For a moment Thorne was speechless with surprise. Then he replied, “Ever since I met you I have been wanting to tell you, but the consideration of a duty restrained me.”

“A duty?”

“Yes. To friends who helped me.”

“And now, am I not—another friend who has helped you?”

“Decidedly! Yet, I wonder if you will believe me. I can scarcely believe myself, that I am here.”

“Don’t be too sure that I would not believe. I know. You are—Hahr Ree Thorne, and you were born on the planet, Dhu Gong, which you call Earth.”

“How did you know that?”

“Borgen told me what he was going to do,” she replied. “I did not believe it possible, but now I know. You are so different. And you do not understand some of our Martian customs.”

“For instance, my manner of eating? Pray tell me where I erred.”

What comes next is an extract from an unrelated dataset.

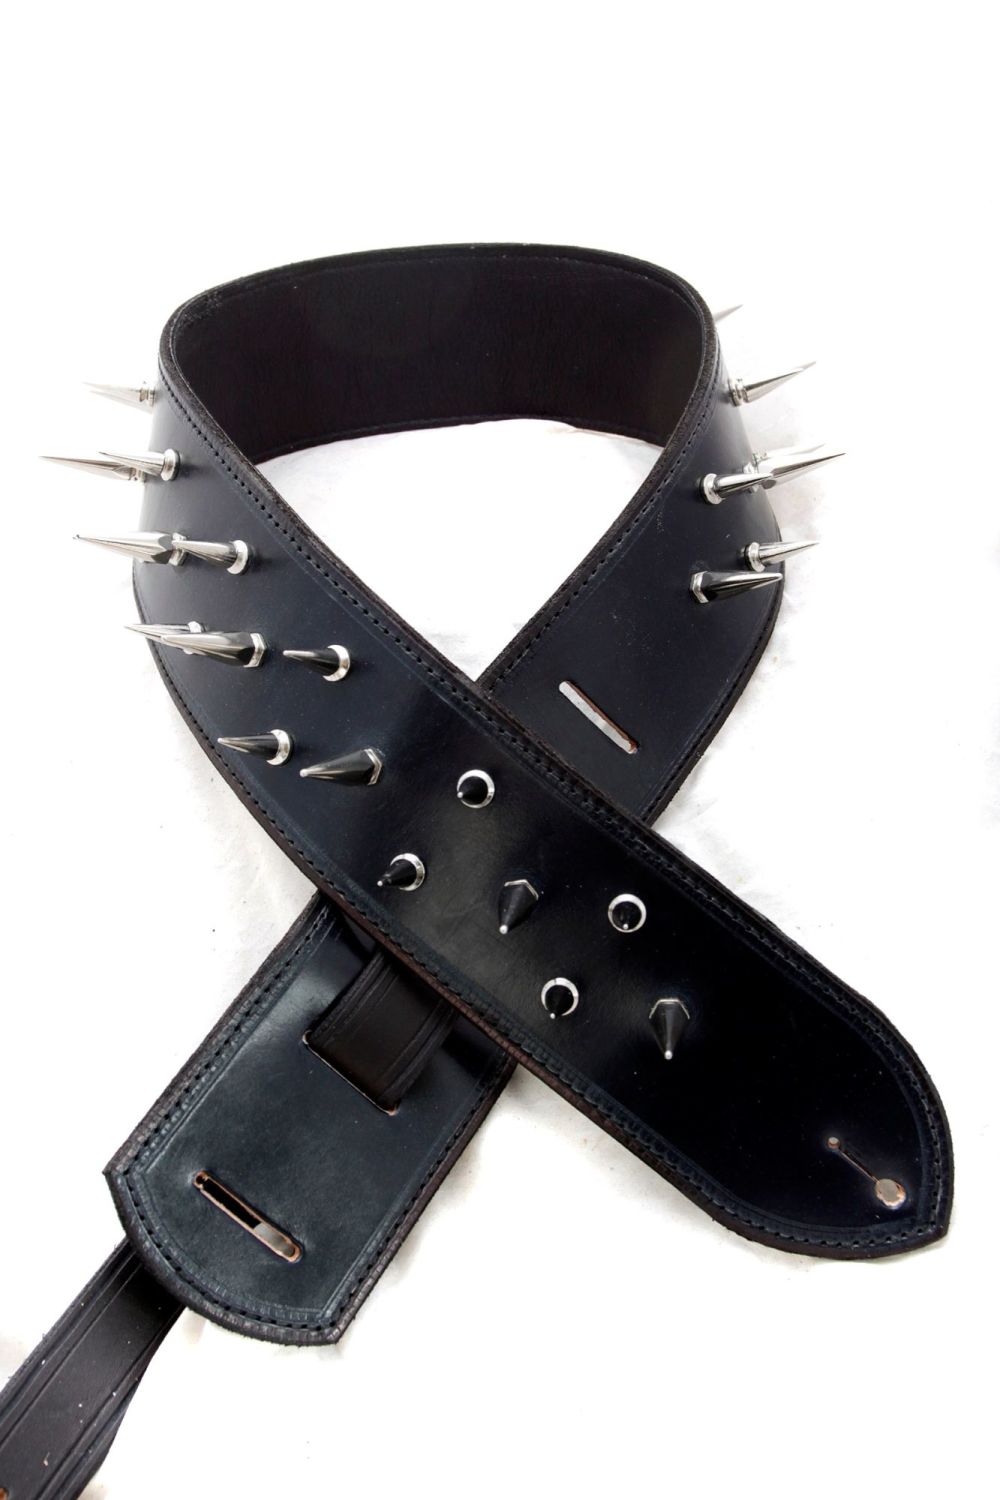 Handmade Black Leather Guitar Strap with Spikes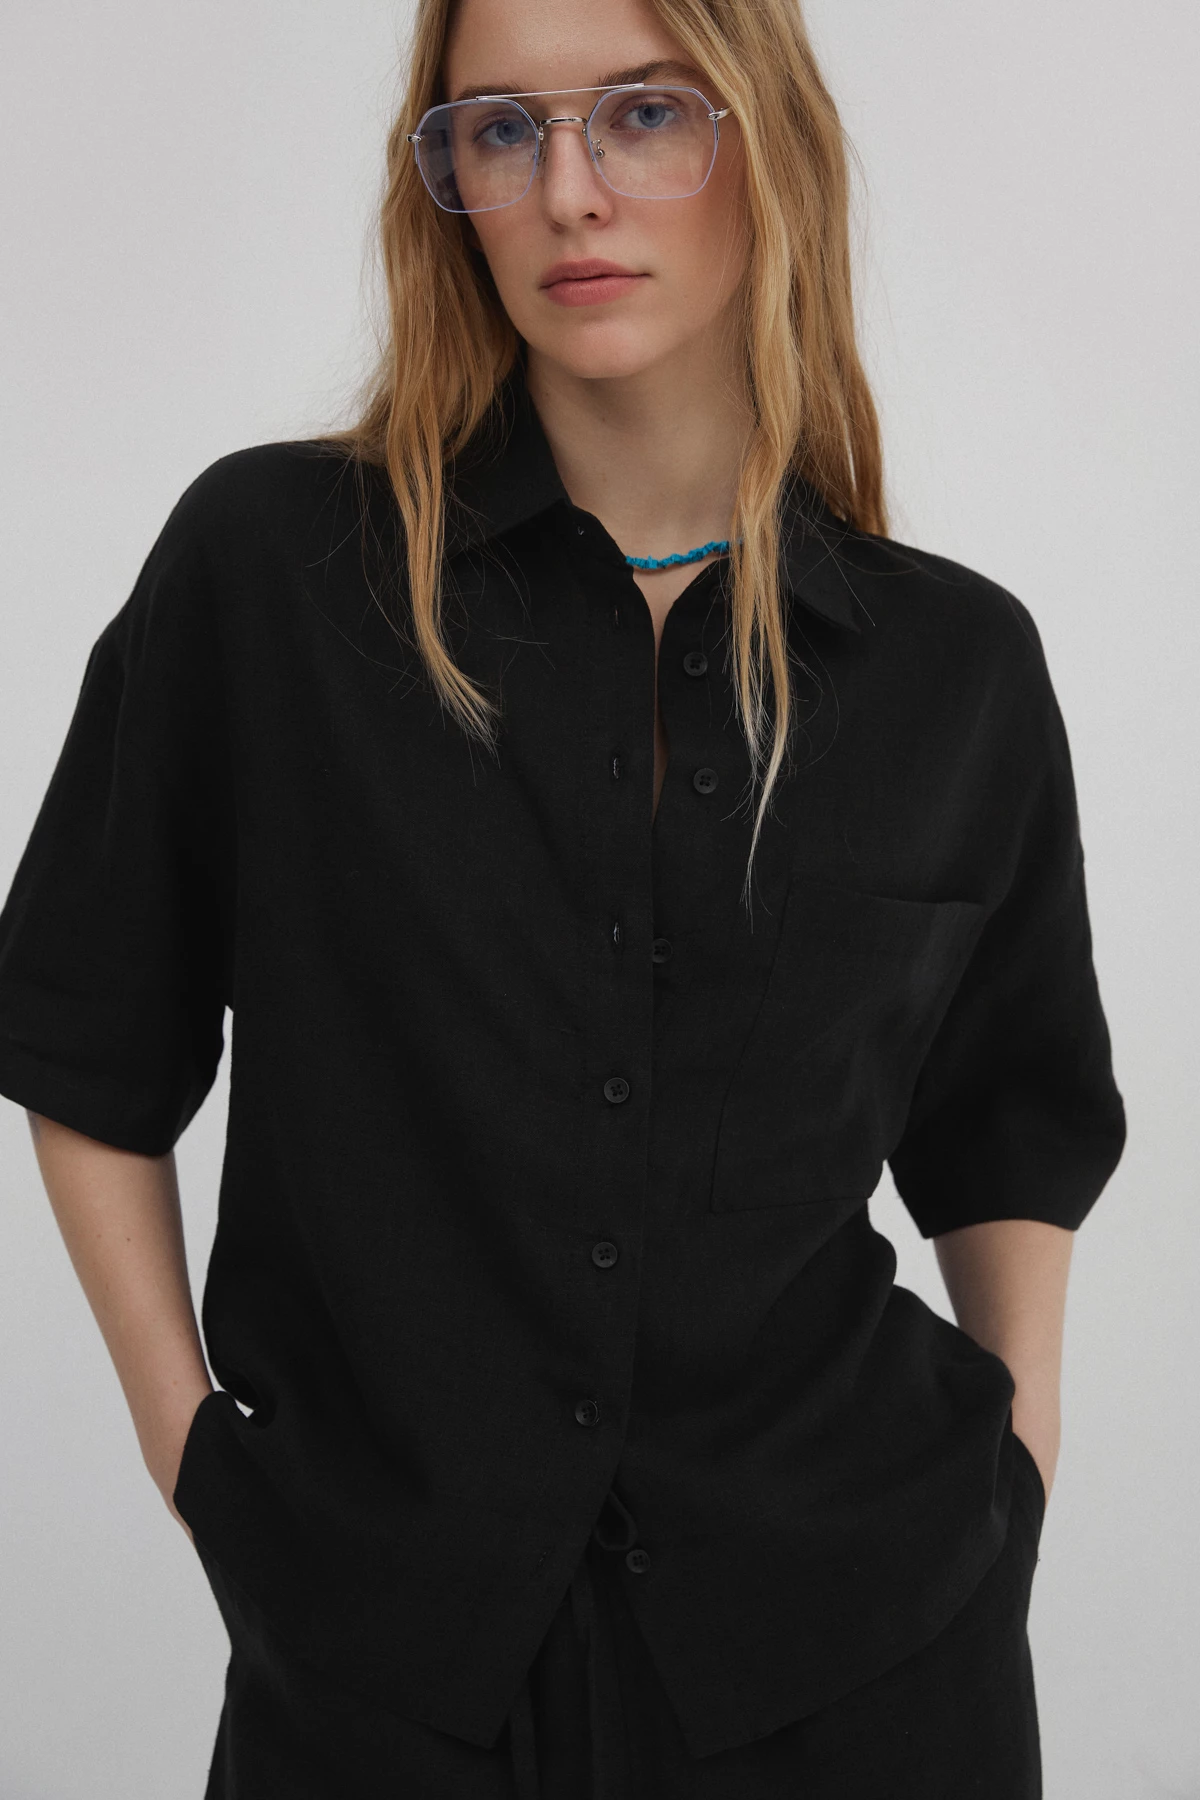 Black shirt with short sleeves made of linen, photo 2

“Having a dagger, you would have waited for me to take the first morsel,” she said. “Lacking it, you would wait for me to hand you mine, then use it as I used it.”

“ I have been a boor.”

“Not at all. One cannot be expected to know the customs of a new world without some instruction.” When both had eaten all they wanted, the remainder was tossed to the waiting dalf. Then the girl rose, closed and bolted the door, and selecting two large furs from a pile against the wall, gave one to the Earthman and spread the other on the floor before the fire.

“It is time for sleep,” she said. Then, without another word, she lay down on the fur and drawing its folds about her, closed her eyes.

As he spread his fur and rolled himself therein, he again mentally compared his former fiancée to the girl who slept calmly there beside him, and the comparison was overwhelmingly favorable to Thaine.